The White House did not immediately answer questions about who specifically approved the trip.

Mr Maduro defied demands to leave the popular uprising in Venezuela in January 2019 against his self-proclaimed victory in the widely contested 2018 presidential election.

Since then, however, Venezuela’s economy has disintegrated in broad isolation, forcing Mr. Maduro to rely on illegal trade and other aid from Cuba, Iran, Russia, Turkey and other countries that face fines or condemnation from the United States.

His government has arrested six Zitga executives – five naturalized U.S. citizens and a permanent U.S. legal resident – since the 2017 government consolidation. The Houston-based refinery is a subsidiary of the Venezuelan state oil company.

While securing their release could boost Mr Trump’s credibility among voters as an arranger who certainly brought American hostages and other detainees home, it could provoke the anger of stubborn people who are unwilling to negotiate with Mr Maduro’s government.

Mr Grenell declined to comment, except to deny that the trip was linked to negotiations with hostages.

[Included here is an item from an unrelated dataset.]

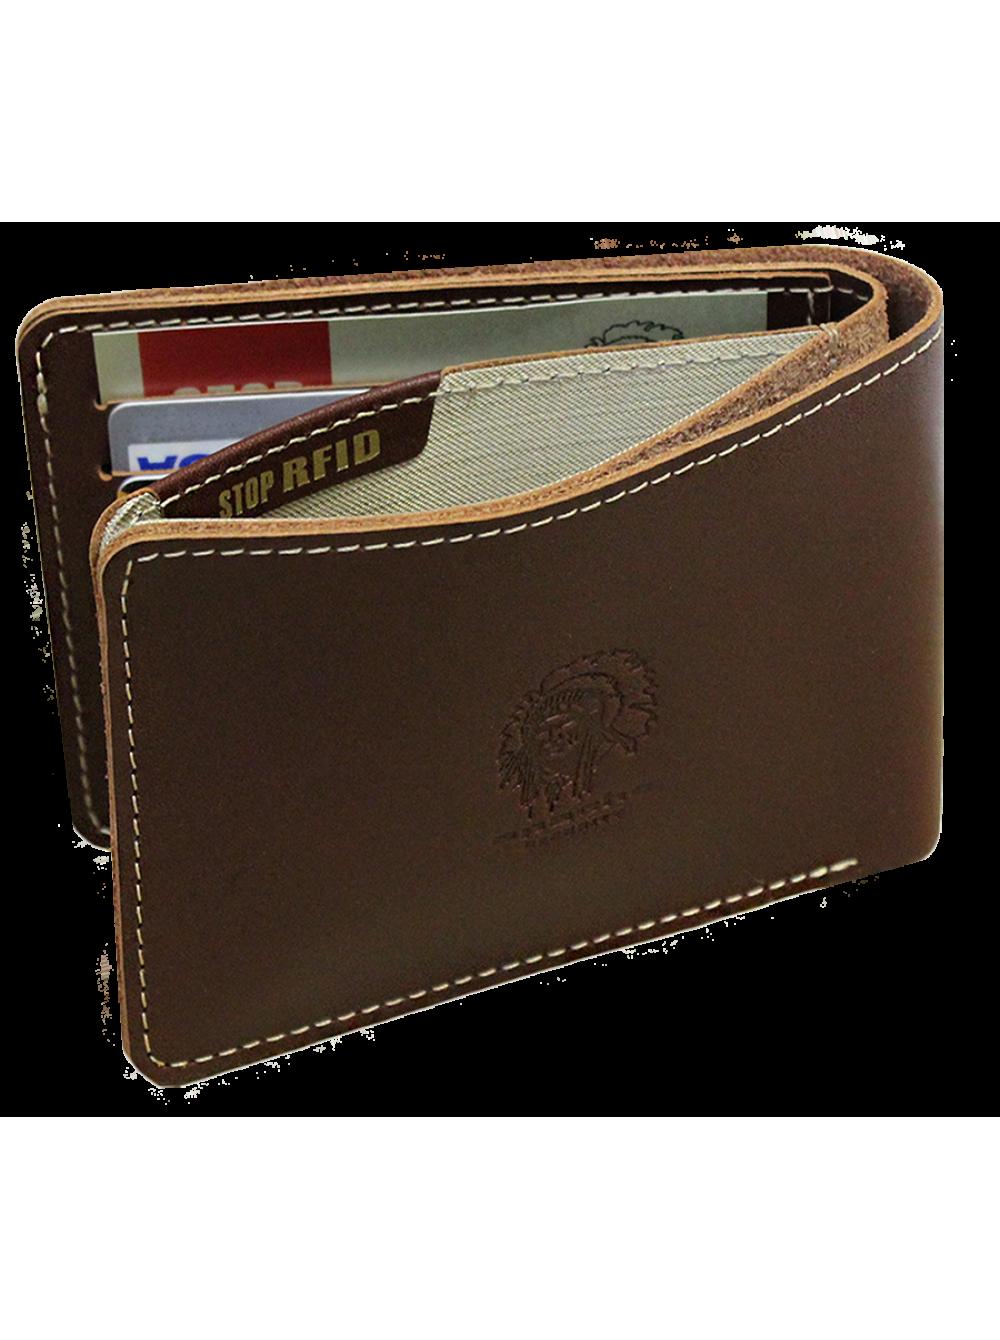 53d97b263068 Мужское кожаное портмоне для документов МК-S Apache RFID купить СПб ...
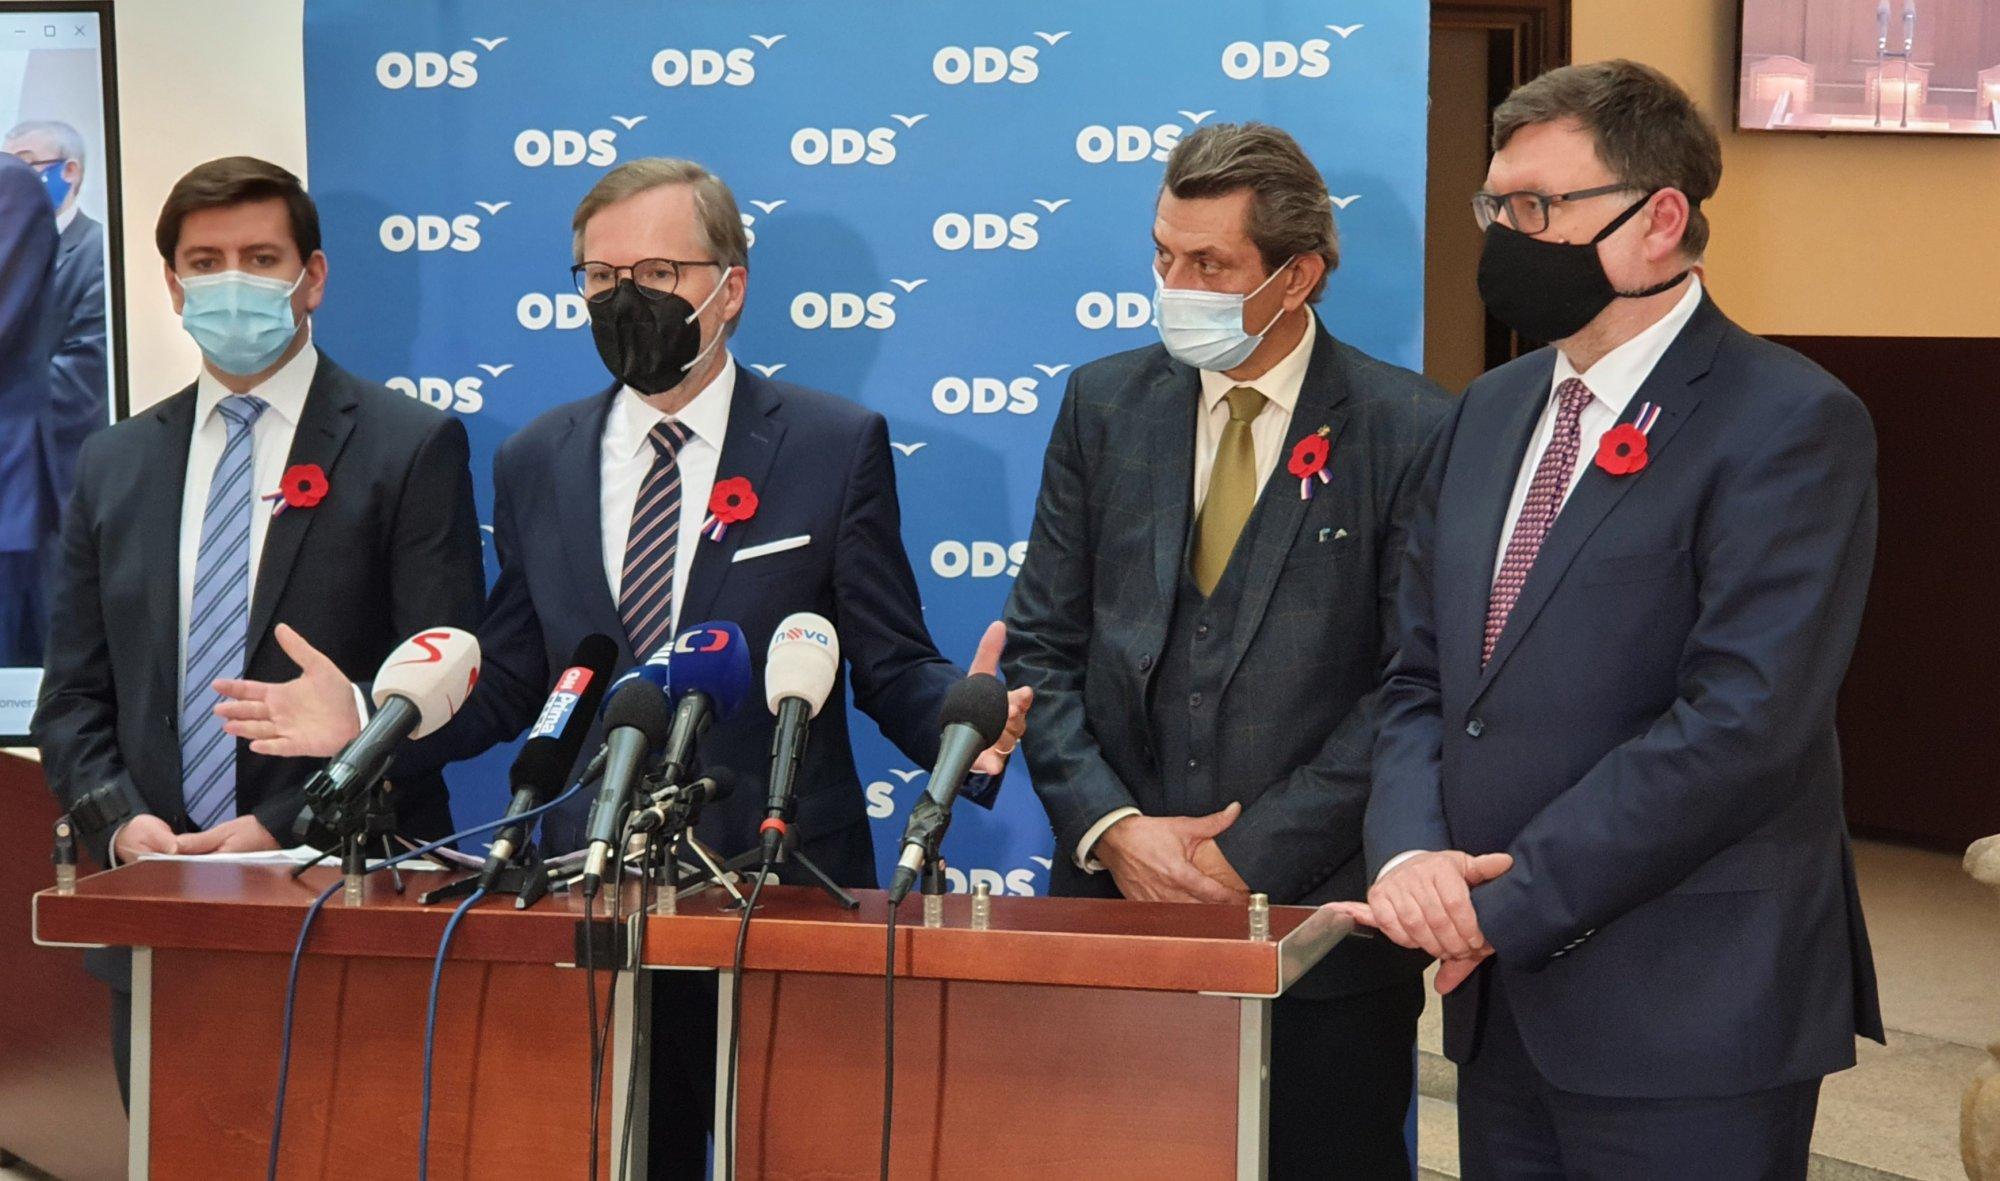 ODS: Návrh rozpočtu na příští rok je cár papíru, který nemůžeme podpořit

A White House official also dismissed the idea that Mr. Grenell’s trip was the goal of negotiating the release of the detainee, instead of portraying it as an effort to facilitate Mr. Maduro’s resignation.

“We are extremely committed to watching Maduro leave power and Juan Guaidó is in position,” the official said.

The United States is not the only country that has tried and failed to persuade Mr. Maduro to step down. Over the years, negotiations in the Caribbean and Norway, as well as parties including Spain, the Vatican and the European Union, have worked to address the backlog.

Back in July, Bill Richardson, a senior Democratic diplomat, met with Mr. Maduro in Caracas, the capital of Venezuela, on a private humanitarian mission. He unsuccessfully demanded the release of the leader of Citg and two other Americans who are being held in Venezuela.

But Mr Grenell’s negotiations with Mr Maduro’s envoy will certainly irritate Mr Guaid’s opposing efforts. Mr Guaidó sat in Mr Trump’s guest corner in a speech on the state of the Union in January and was praised as “the true and legitimate president of Venezuela” amid speculation that the Trump administration had lost patience with the impasse.

Ambassador’s spokesman Mr. Guaida in Washington declined to comment Wednesday night.